Pragmatism vs. Purity

A simple message like "I'm vegan" is both powerful and easy to communicate, but may alienate those who see it as too rigid or extreme. A more nuanced stance like "I consider myself vegan but eat sardines and anchovies" may confuse or irritate others, especially in settings where time or openness for deeper discussion is limited. Yet in the right context, it can spark curiosity and lead to a more meaningful dialogue, as thoughtful nuance and rational trade-offs can signal open-mindedness and strengthen credibility as a non-dogmatic advocate. Especially since most people are more concerned with the scale of animal agriculture and its consequences than with the idea of eating animals per se, a philosophy that allows for the consumption of a few carefully considered animal products may resonate with a broader audience and thereby inspire more people to take meaningful steps toward minimising animal suffering, even if they don't entirely adopt a conventional vegan lifestyle. At the same time, such nuance may undermine credibility in the eyes of those who view deviations from conventional veganism as morally inconsistent, and constantly adjusting the message to the audience can strain authenticity and lead to decision fatigue.

Diversity vs. Unity

Deviating from conventional veganism may risk weakening the movement's ability to build coherent narratives and foster a strong collective identity. A clear and consistent message like "don't eat animals" can be a powerful tool for social change. When repeated by many people over time, it helps shape public perception and gives supporters a sense of belonging. Movements often rely on these dynamics to establish momentum, especially when they are still small. At the same time, it is unlikely for a one-size-fits-all message to work for everyone, as different messages resonate with different people. For someone who does not view eating animals as inherently wrong or is not convinced by conventional veganism for other reasons, the idea that eating sardines and anchovies may cause less harm than many plant-based foods could draw them in rather than push them away. Therefore, using a diversity of approaches tailored to different audiences may help reach more people and ultimately advance the movement's goals more effectively.

👉 Conclusion

Reconsidering the ethics of eating sardines and anchovies through a pragmatic lens suggests that avoiding all animal products may not always be the most effective way to minimise harm. Rather than focusing only on the first-order consequences of our food choices and striving for purity at that level, it may better align with the core values of veganism to consider the full range of downstream consequences and make choices that produce the greatest net benefit for sentient beings. Sardines and anchovies provide exceptional nutritional value and, under the right conditions, may carry a lower environmental and moral cost than many plant-based foods. Including these small, short-lived fish in an otherwise plant-based diet can help meet nutritional needs more reliably, ease the ecological burden of food production, and minimise harm to animals with higher sentience. When approached thoughtfully and communicated with care, this pragmatic approach could broaden the appeal of ethical eating and support the long-term goals of the animal advocacy movement. Therefore, eating sardines and anchovies may not only be ethically justifiable but even potentially preferable as a transitional strategy toward a more sustainable and more compassionate food system.[30]

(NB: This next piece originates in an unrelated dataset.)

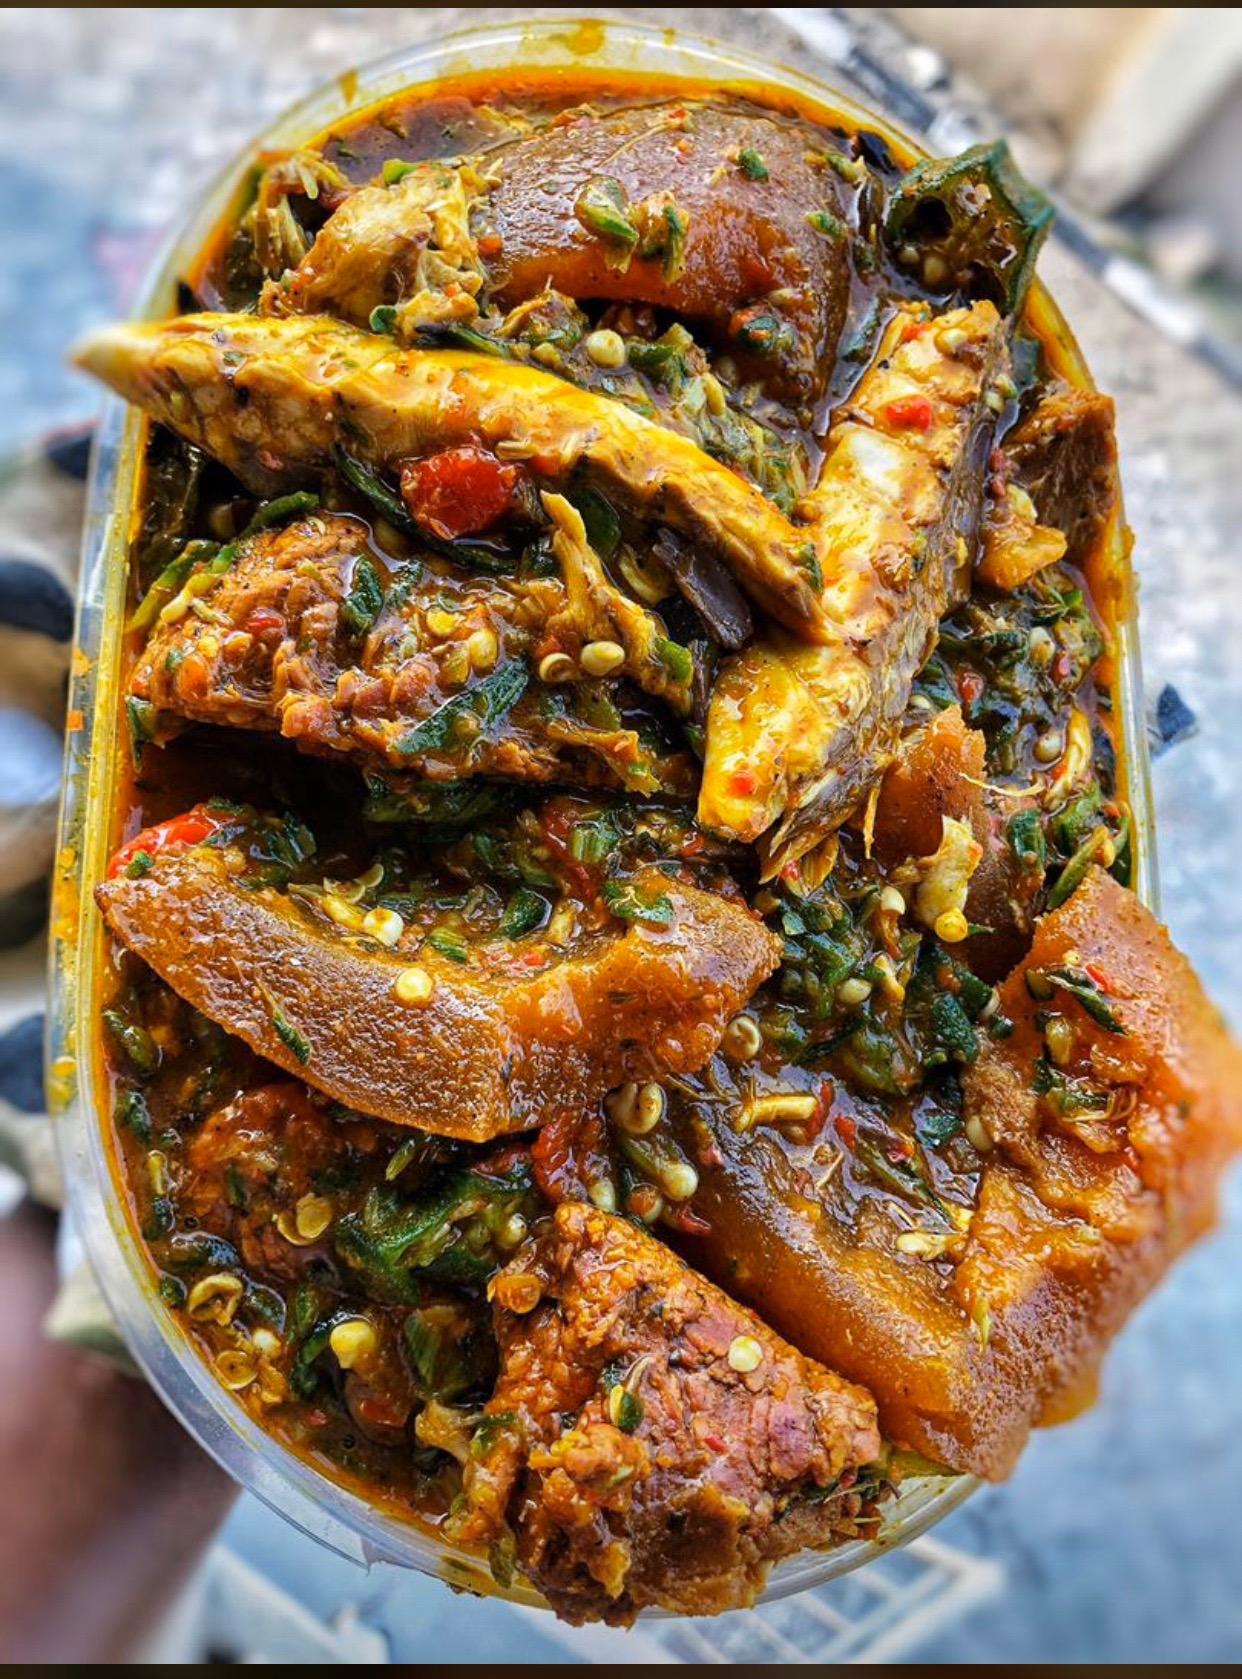 #cookingrecipehq  okra soup for dinner🤩🤩 ingredients-okra-palmoil-water-salt-seasoning-vegetable leave -pepper-crayfish-Pomo -smoked fish -meat

Edit (10 July 2025): Updated the description of the purse seine fishing process to reflect more realistic estimates of its duration, based on feedback by Sagar K Shah. This doesn't change the broader conclusions, but the earlier version gave a misleading impression and has been corrected accordingly. The revised estimate introduces more uncertainty about whether purse seine fishing causes less overall harm than natural death, and this remains an open question.

Edit (15 July 2025): Removed the claim that sardines and anchovies accumulate only minimal levels of PCBs, based on feedback by Nunik. Given the lack of robust evidence, the original statement was overly optimistic. This does not affect the overall health assessment of sardines and anchovies, as health authorities generally consider their nutritional benefits to outweigh the potential risks from PCBs. Consumers can also reduce potential exposure by choosing sardines and anchovies sourced from less polluted regions.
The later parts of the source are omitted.